Heredia, Les Trophées, Brise Marine
Poème étudié
L’hiver a défleuri la lande et le courtil.
Tout est mort. Sur la roche uniformément grise
Où la lame sans fin de l’Atlantique brise,
Le pétale fané pend au dernier pistil.
Et pourtant je ne sais quel arôme subtil
Exhalé de la mer jusqu’à moi par la brise,
D’un effluve si tiède emplit mon cœur qu’il grise ;
Ce souffle étrangement parfumé, d’où vient-il ?
Ah ! Je le reconnais. C’est de trois mille lieues
Qu’il vient, de l’Ouest, là-bas où les Antilles bleues
Se pâment sous l’ardeur de l’astre occidental ;
Et j’ai, de ce récif battu du flot kymrique,
Respiré dans le vent qu’embauma l’air natal
La fleur jadis éclose au jardin d’Amérique.
De Heredia, Les Trophées
Introduction
En quoi ce poème évoque t-il à la fois la thématique de la mort et le désir d’exotisme d’Heredia ?
I. L’évocation de la mort
A. Une vie éphémère
Dans le premier quatrain, le poète suit la vie d’une fleur : « le pétale fané pend au dernier pistil ». Ici, la fleur n’est pas qu’un simple ornement poétique, elle symbolise le côté éphémère de la vie.
D’un point de vue métaphorique, la fleur représente la vie humaine. Nous pouvons relever le champ lexical de la fleur : « défleuri », « pétale », « fané », « pistil », « la fleur », « éclose ».
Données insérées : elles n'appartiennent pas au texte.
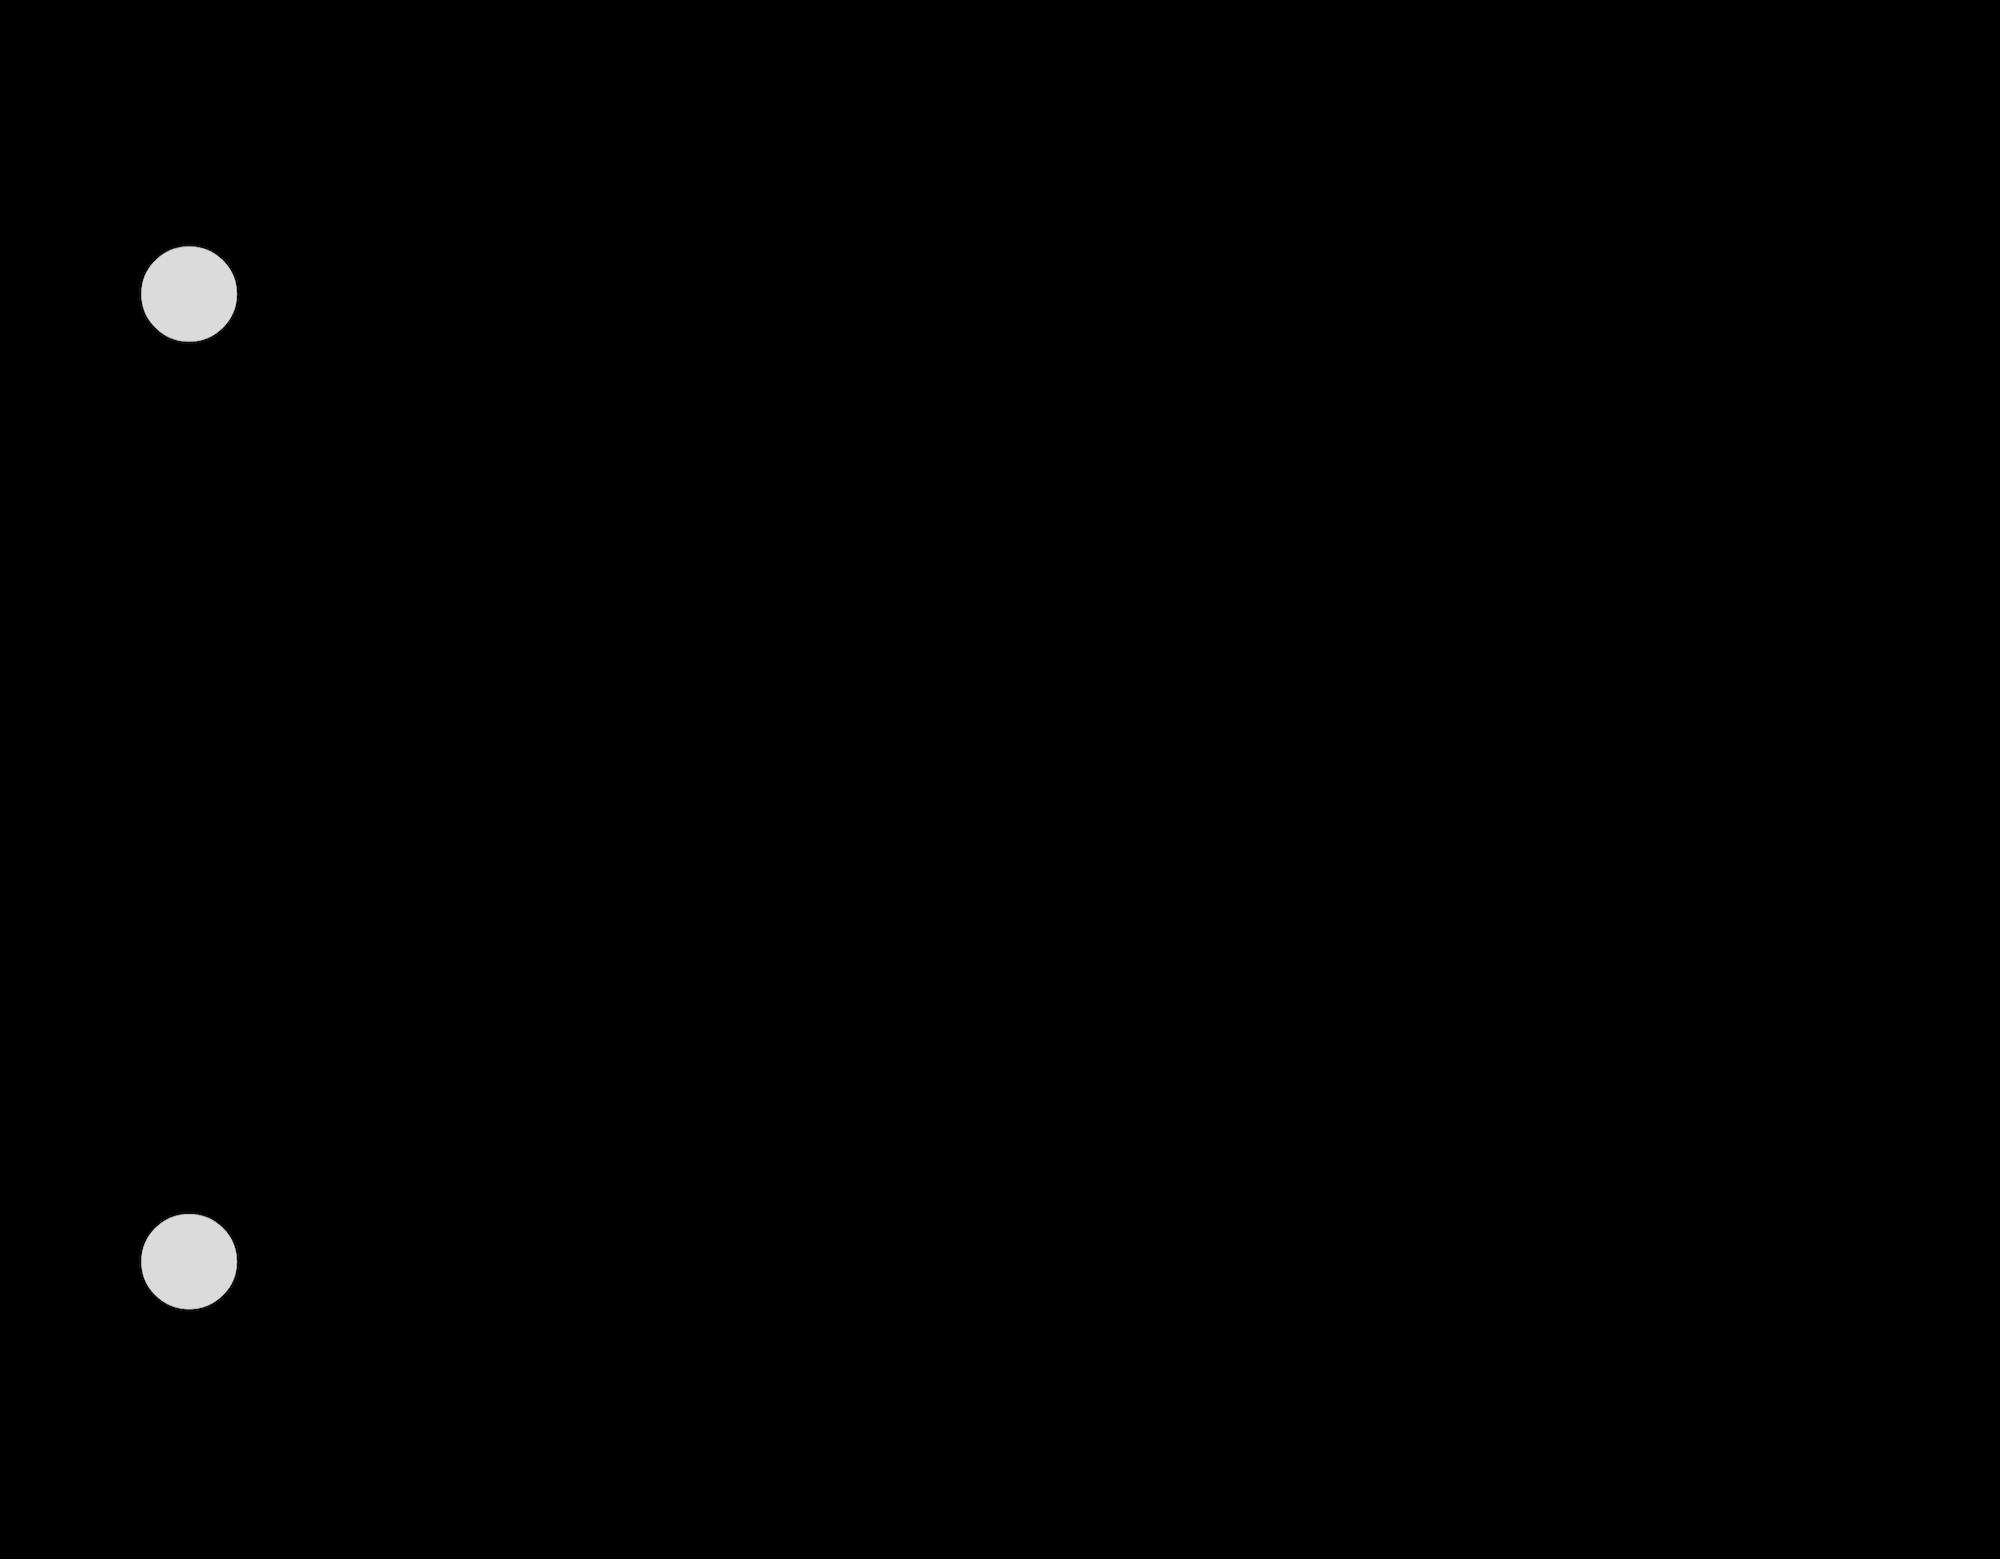 Electrical circuit diagram showing resistors connected in series.

Au vers 14, la fleur éclose peut faire penser à la fleur déclose de Ronsard. Ainsi nous pouvons dire que les grands thèmes poétiques sont éternels.
B. La mort dans le poème
Tout d’abord nous pouvons relever le champ lexical de la mort : « mort », « fin », « pend ». De plus nous savons que la mort est très souvent présente dans les poèmes d’Heredia.
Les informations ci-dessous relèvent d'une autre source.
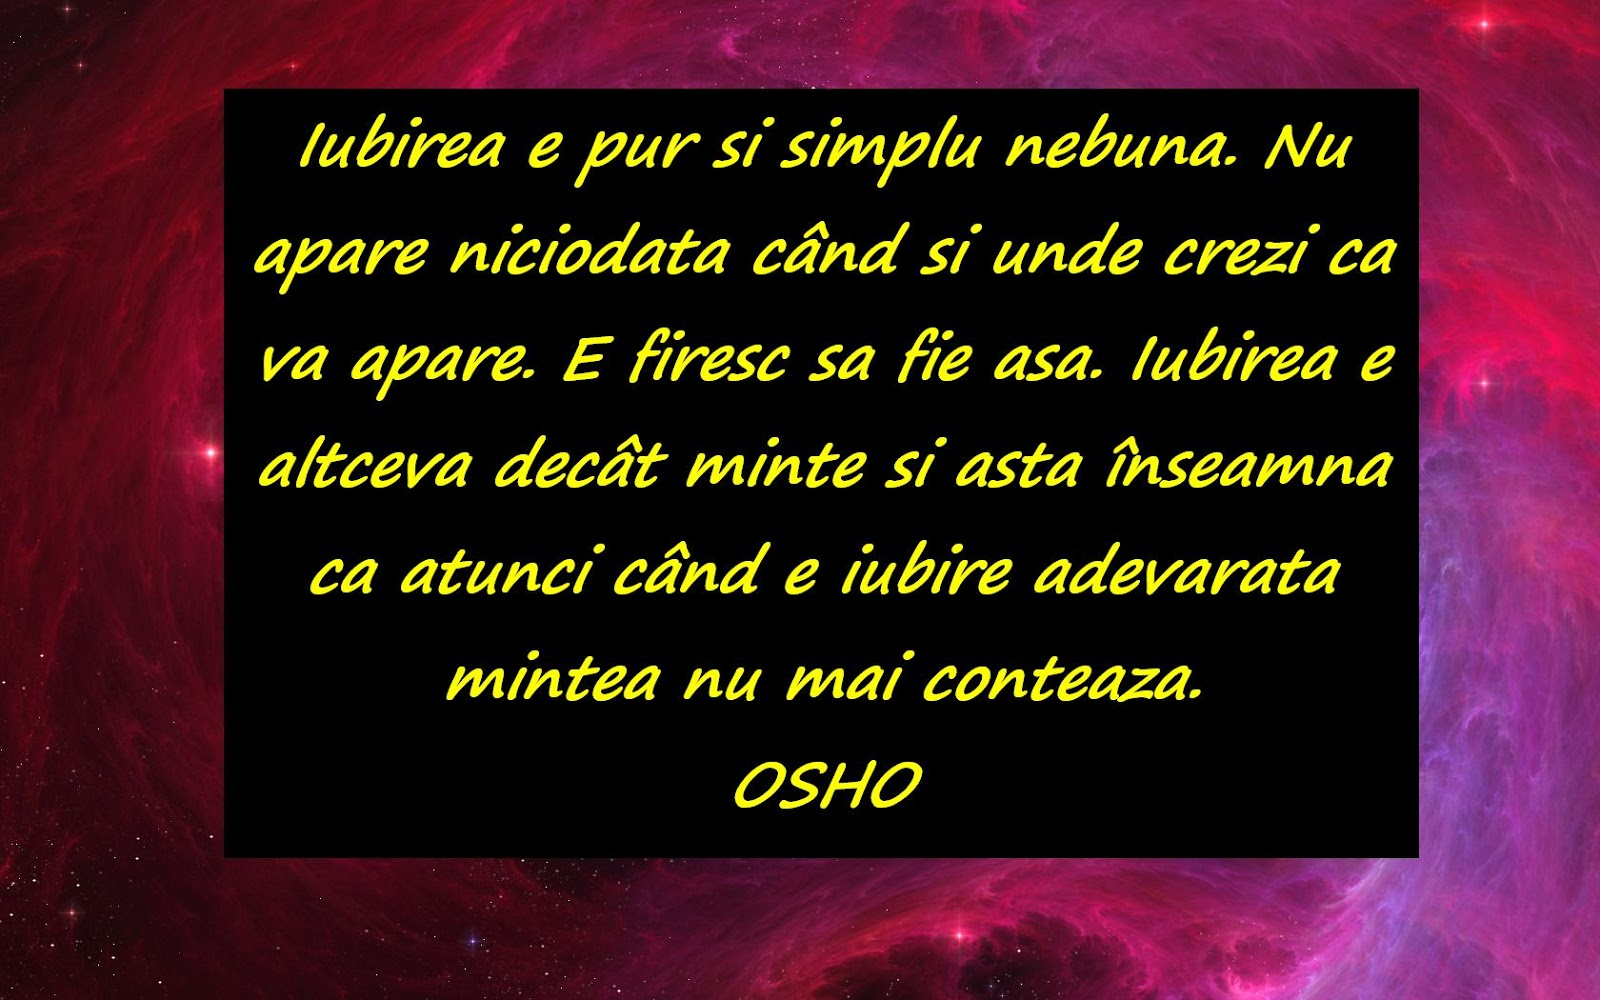 osho citate despre iubire VORBE SI PROVERBE DIN TOATA LUMEA: iubirea in citate la Osho osho citate despre iubire

Le vers 2 contient la phrase la plus courte du poème : « Tout est mort ». La phrase est aussi courte que la mort.
La « roche uniformément grise » est une image de la pierre tombale. L’adverbe « uniformément » insiste d’autant plus sur la mort par sa longueur. De plus, notons que l’adjectif « grise » est repris au vers 7 par le verbe « griser ». On a donc des échos de la mort.
II. Un voyage poétique
A. L’évolution du poème
Le dernier vers du premier quatrain est très précis, le poète décrit la fleur en détail. Alors que dans le dernier tercet, Heredia est moins précis. On a donc une sorte de confrontation entre le proche et l’éloignement.
Le poème évolue du froid au chaud : « hiver » et « tiède ». Il évolue aussi en passant par la mort puis par le voyage poétique : « mort » et « exhalé par la mer ».
Ainsi, face à la mort, Heredia apporte l’espoir par le voyage poétique.
B. Un voyage fictif
A travers le poème apparaît le désir d’exotisme d’Heredia notamment à travers le champ lexical de l’exotisme : « arôme », « tiède », « parfumé »…
Ainsi, l’exotisme étant perçu comme étrange et lointain, il stimule l’imaginaire du lecteur comme celui de l’auteur.
L’exotisme est renforcé par l’idée d’éloignement : « Ouest », « Atlantique », « là-bas », « Amérique », « Antilles ». Ce champ lexical contribue à créer un voyage poétique.
Conclusion
Il s’agit d’un poème original qui reprend une forme et des thématiques classiques, et notamment les thèmes de la mort et de la fugue poétique.